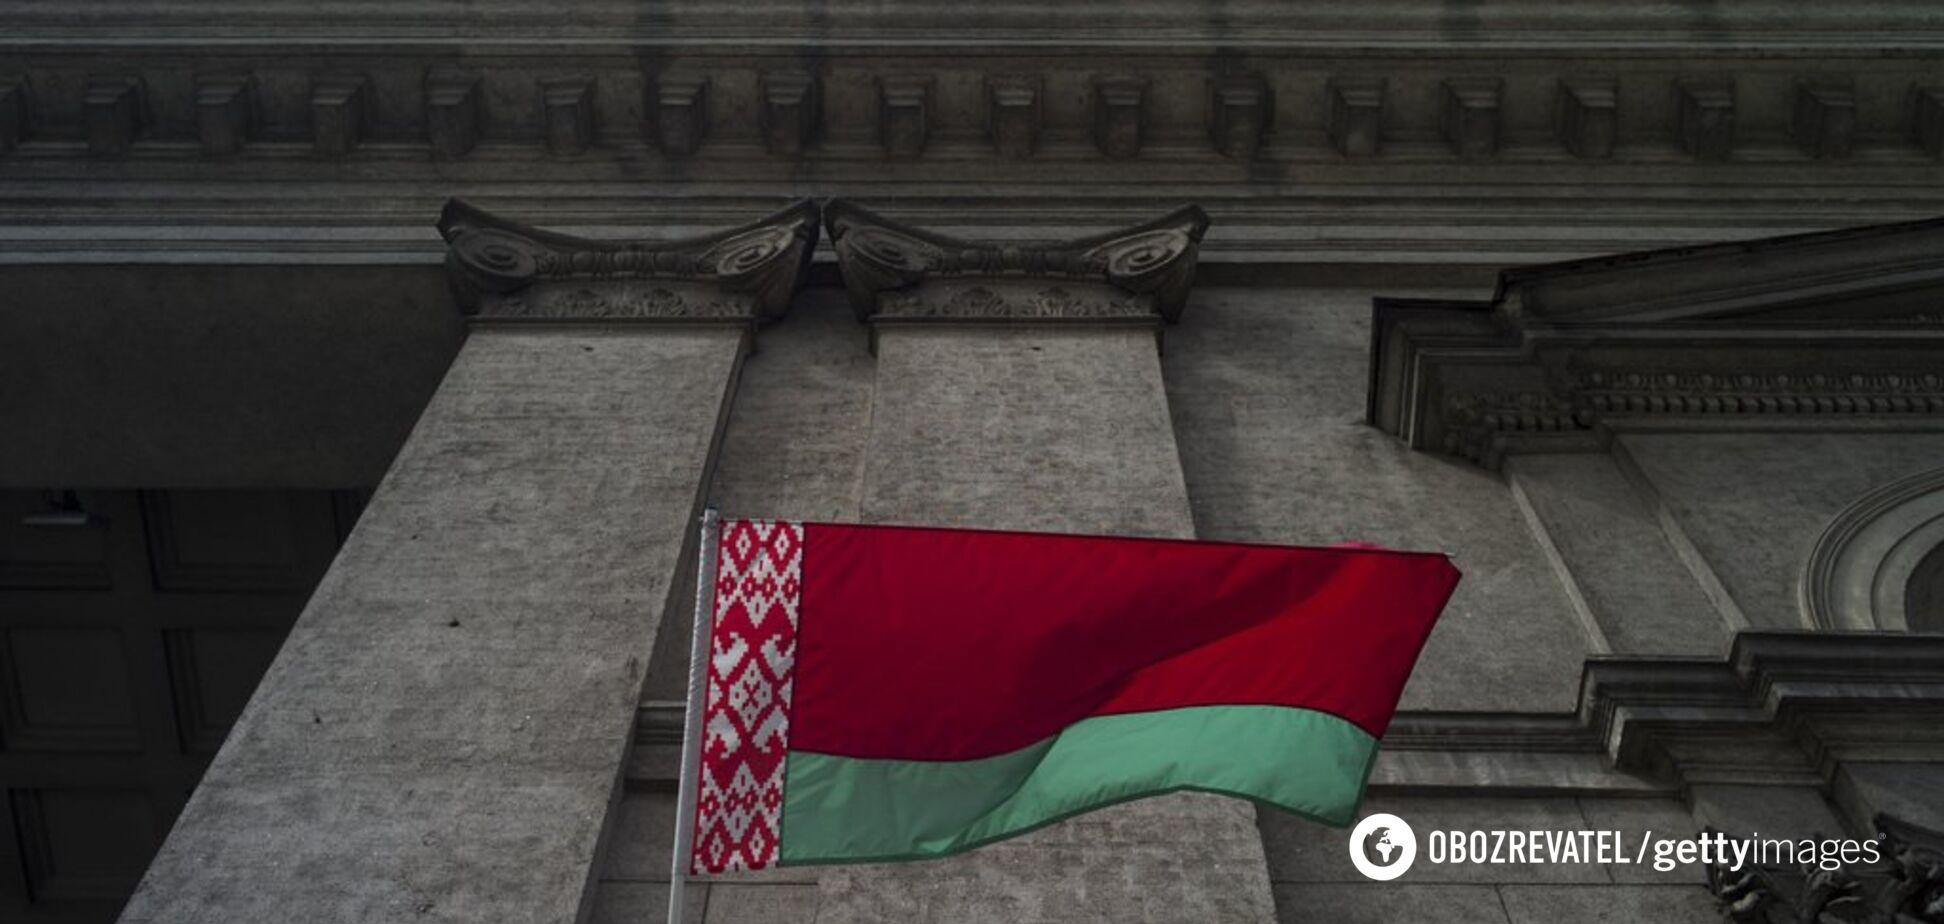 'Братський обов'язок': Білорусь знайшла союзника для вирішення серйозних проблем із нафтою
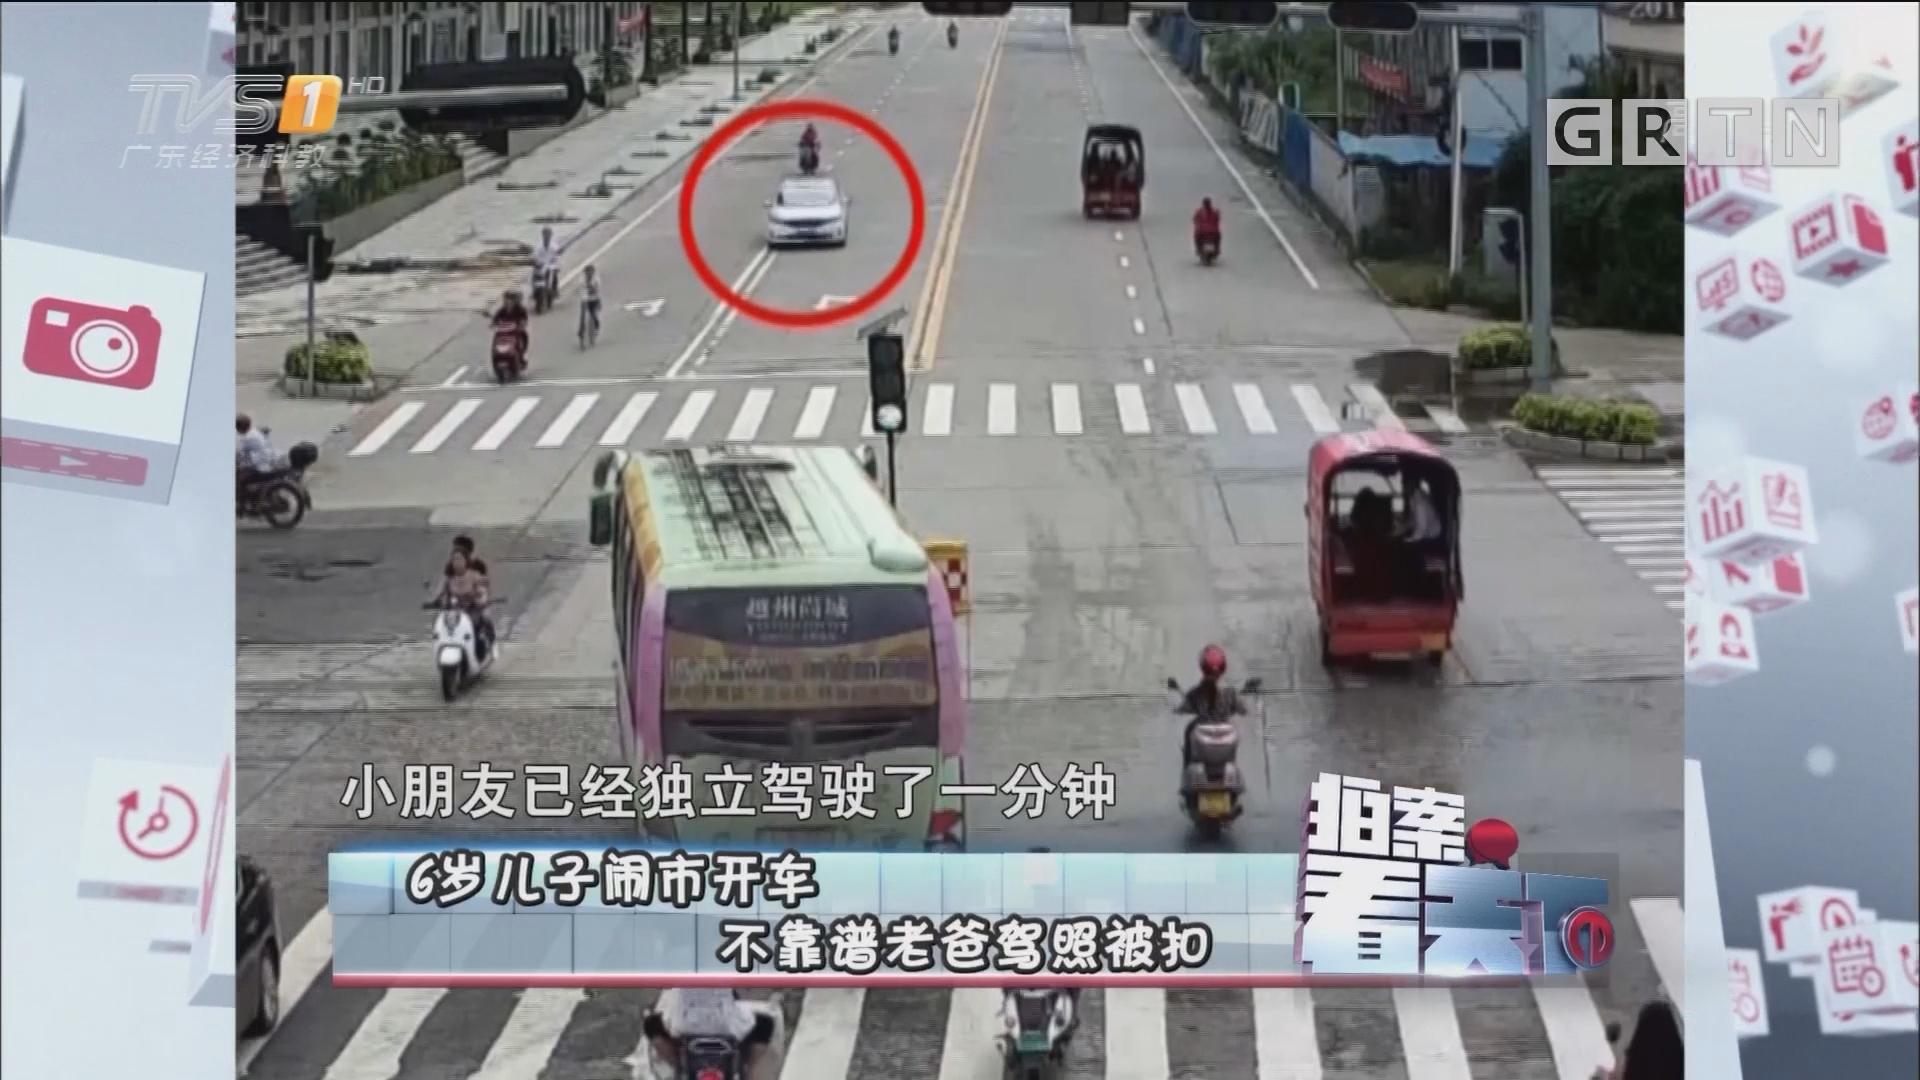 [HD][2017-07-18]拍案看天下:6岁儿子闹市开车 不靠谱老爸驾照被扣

******

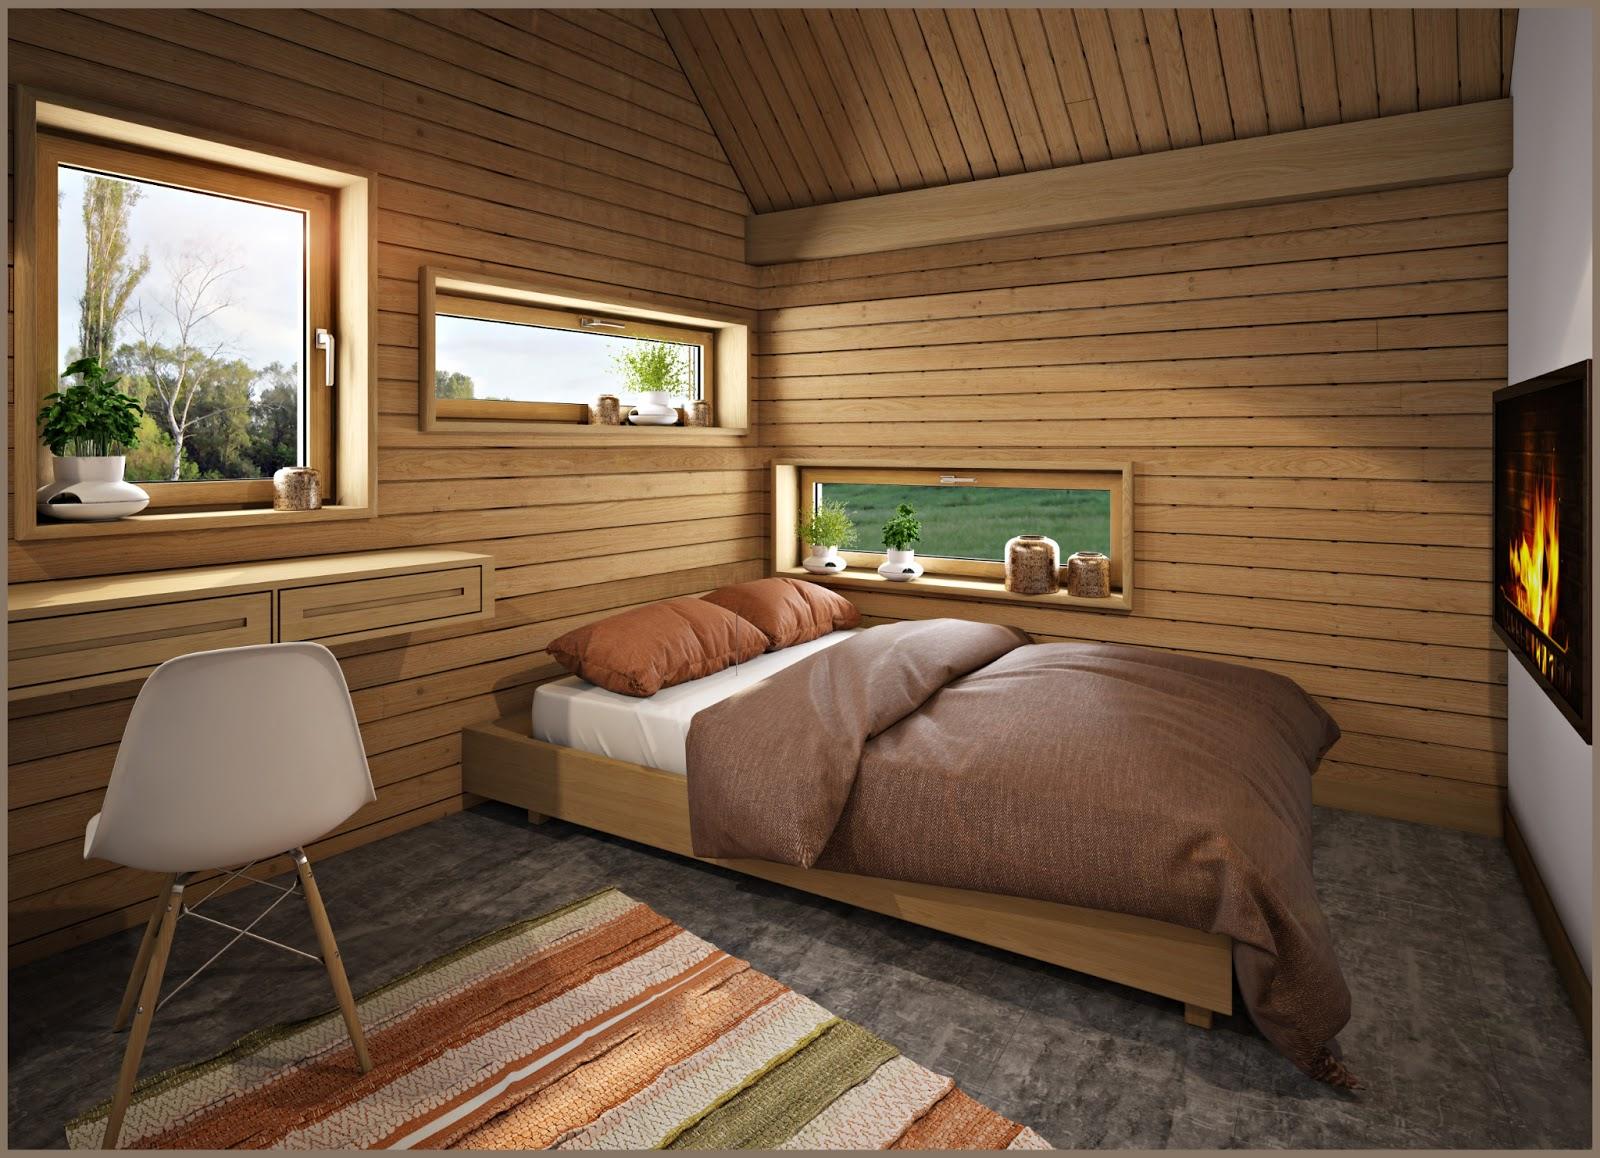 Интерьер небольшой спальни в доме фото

******

ASSIGNED TASK →
What do the entries above read from the line containing "проблем із нафтою" through the line containing "[HD][2017-07-1"? Output those lines exactly, both ends included, with the pictures left out.

ANSWER FOR THIS EXERCISE →
 'Братський обов'язок': Білорусь знайшла союзника для вирішення серйозних проблем із нафтою
 [HD][2017-07-18]拍案看天下:6岁儿子闹市开车 不靠谱老爸驾照被扣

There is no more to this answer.